## [Data below]
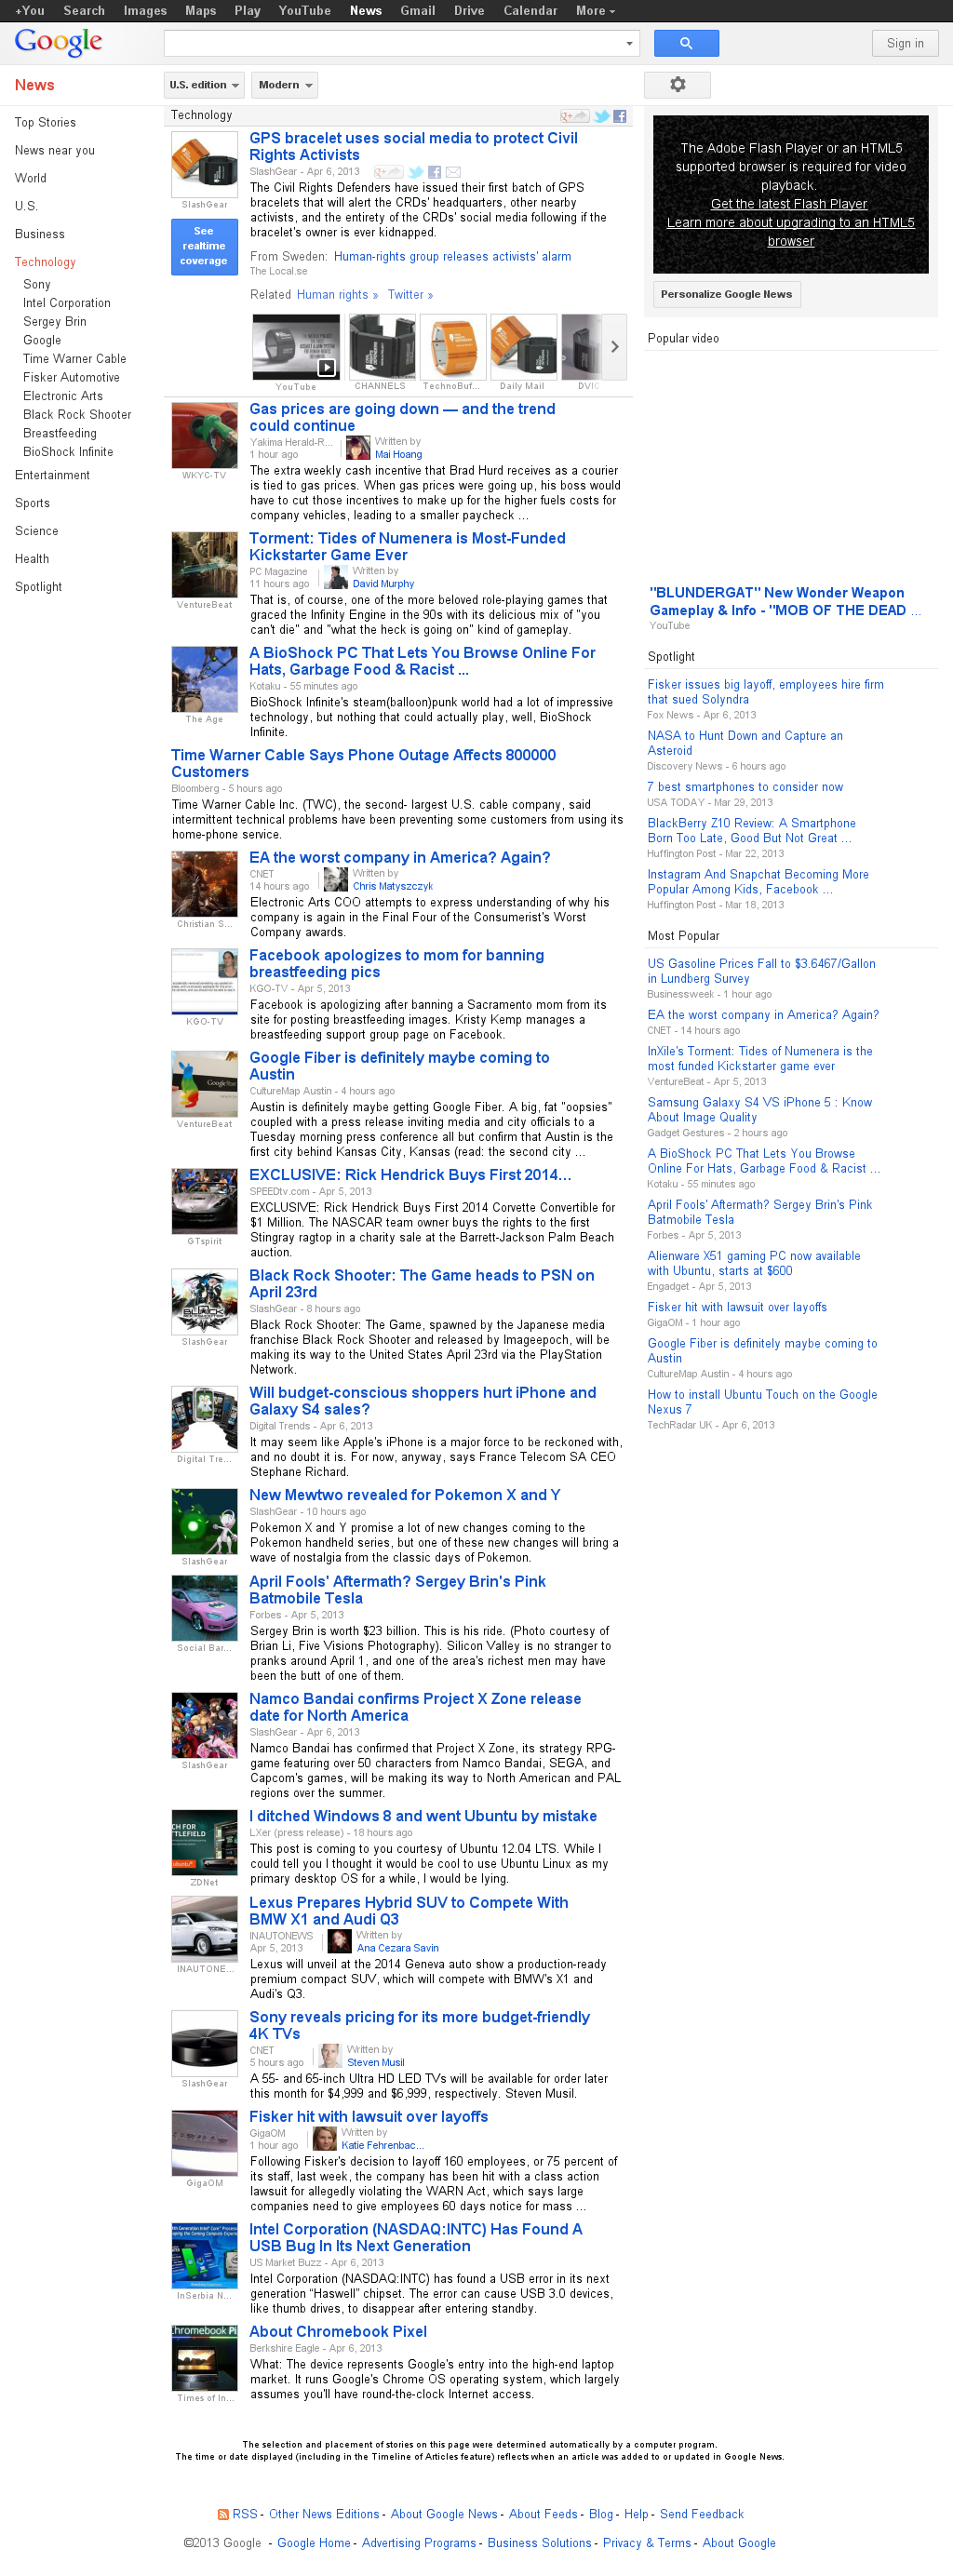 Google News: Technology at Monday April 8, 2013, 6:08 a.m. UTC
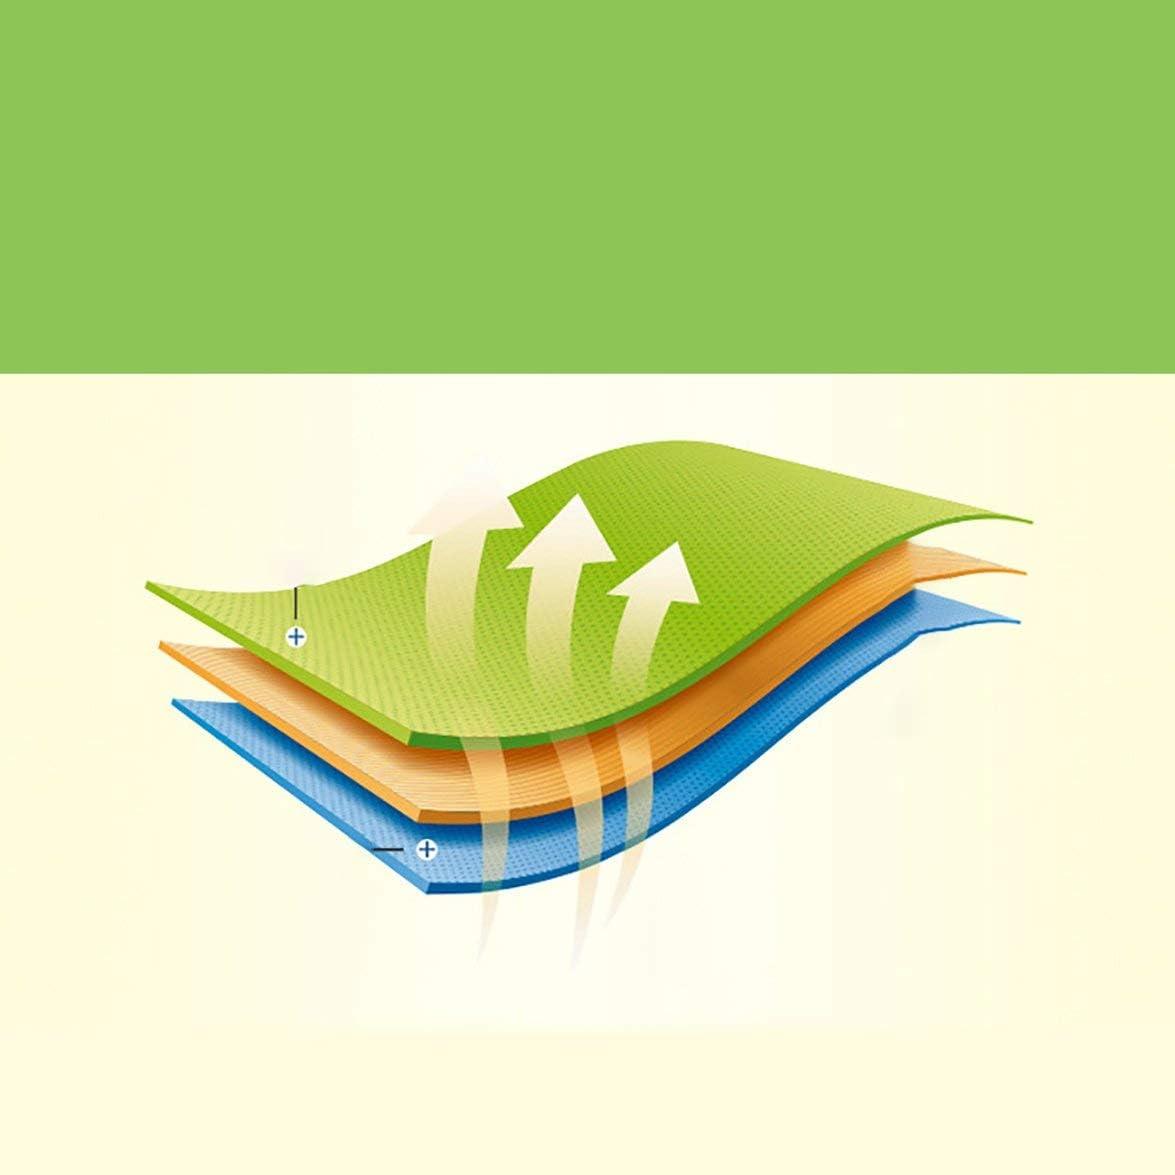 Yunshm Hand Drawn Tropical Cactus Pattern Trolley Handbag Waterproof Unisex Large Capacity For Business Travel Storage
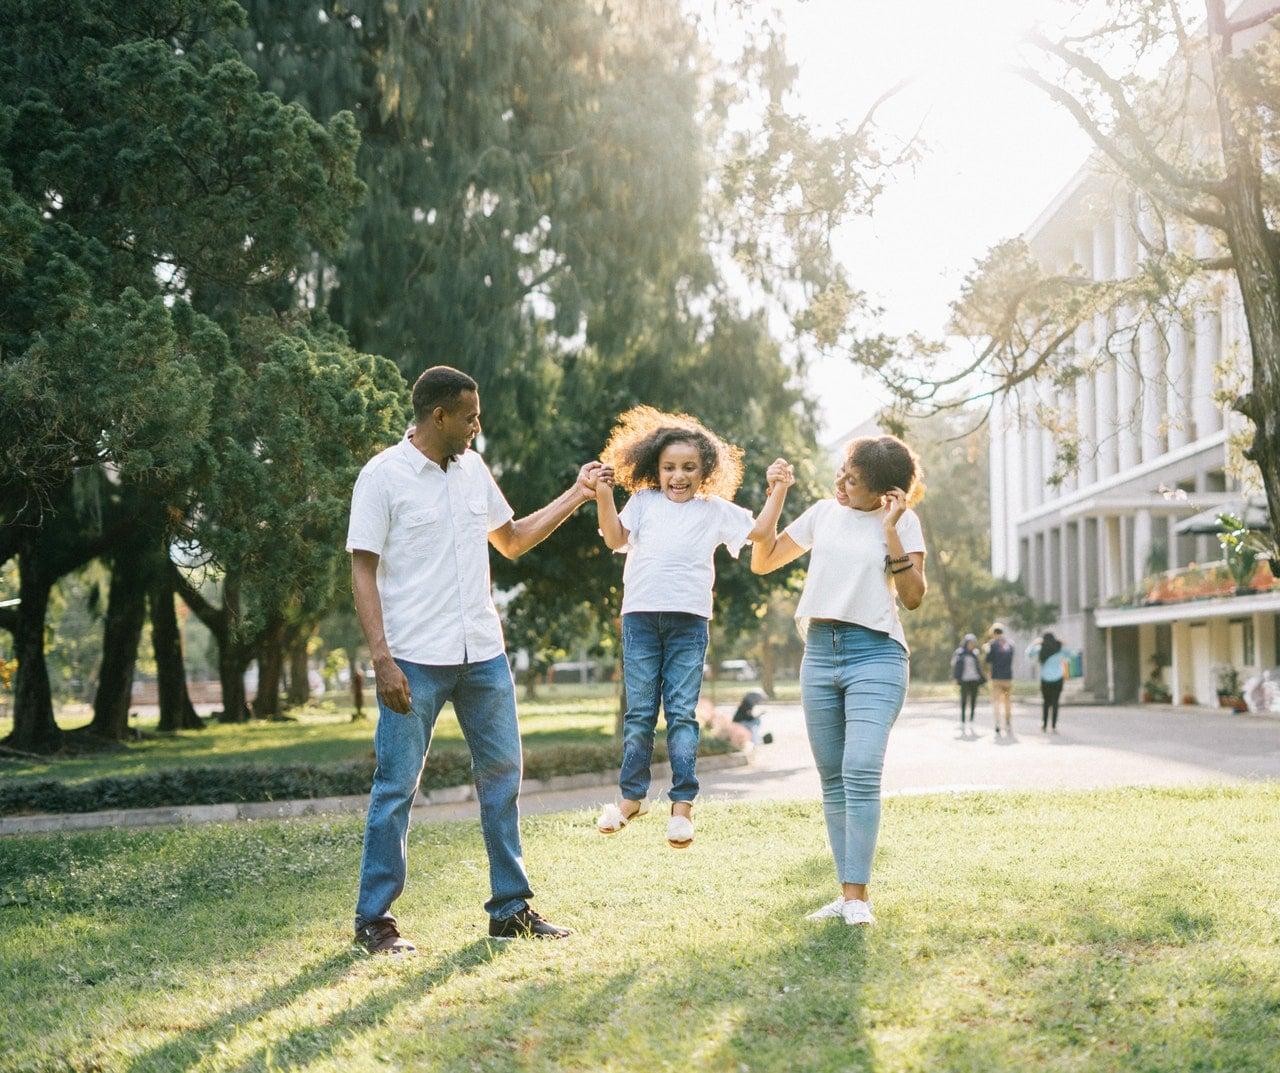 Family Time - Estate Planning Worksheet

## [Aim of the task]
This exercise calls for the complete listing, returned exactly and without images.

## [Task solution]
 Google News: Technology at Monday April 8, 2013, 6:08 a.m. UTC
 Yunshm Hand Drawn Tropical Cactus Pattern Trolley Handbag Waterproof Unisex Large Capacity For Business Travel Storage
 Family Time - Estate Planning Worksheet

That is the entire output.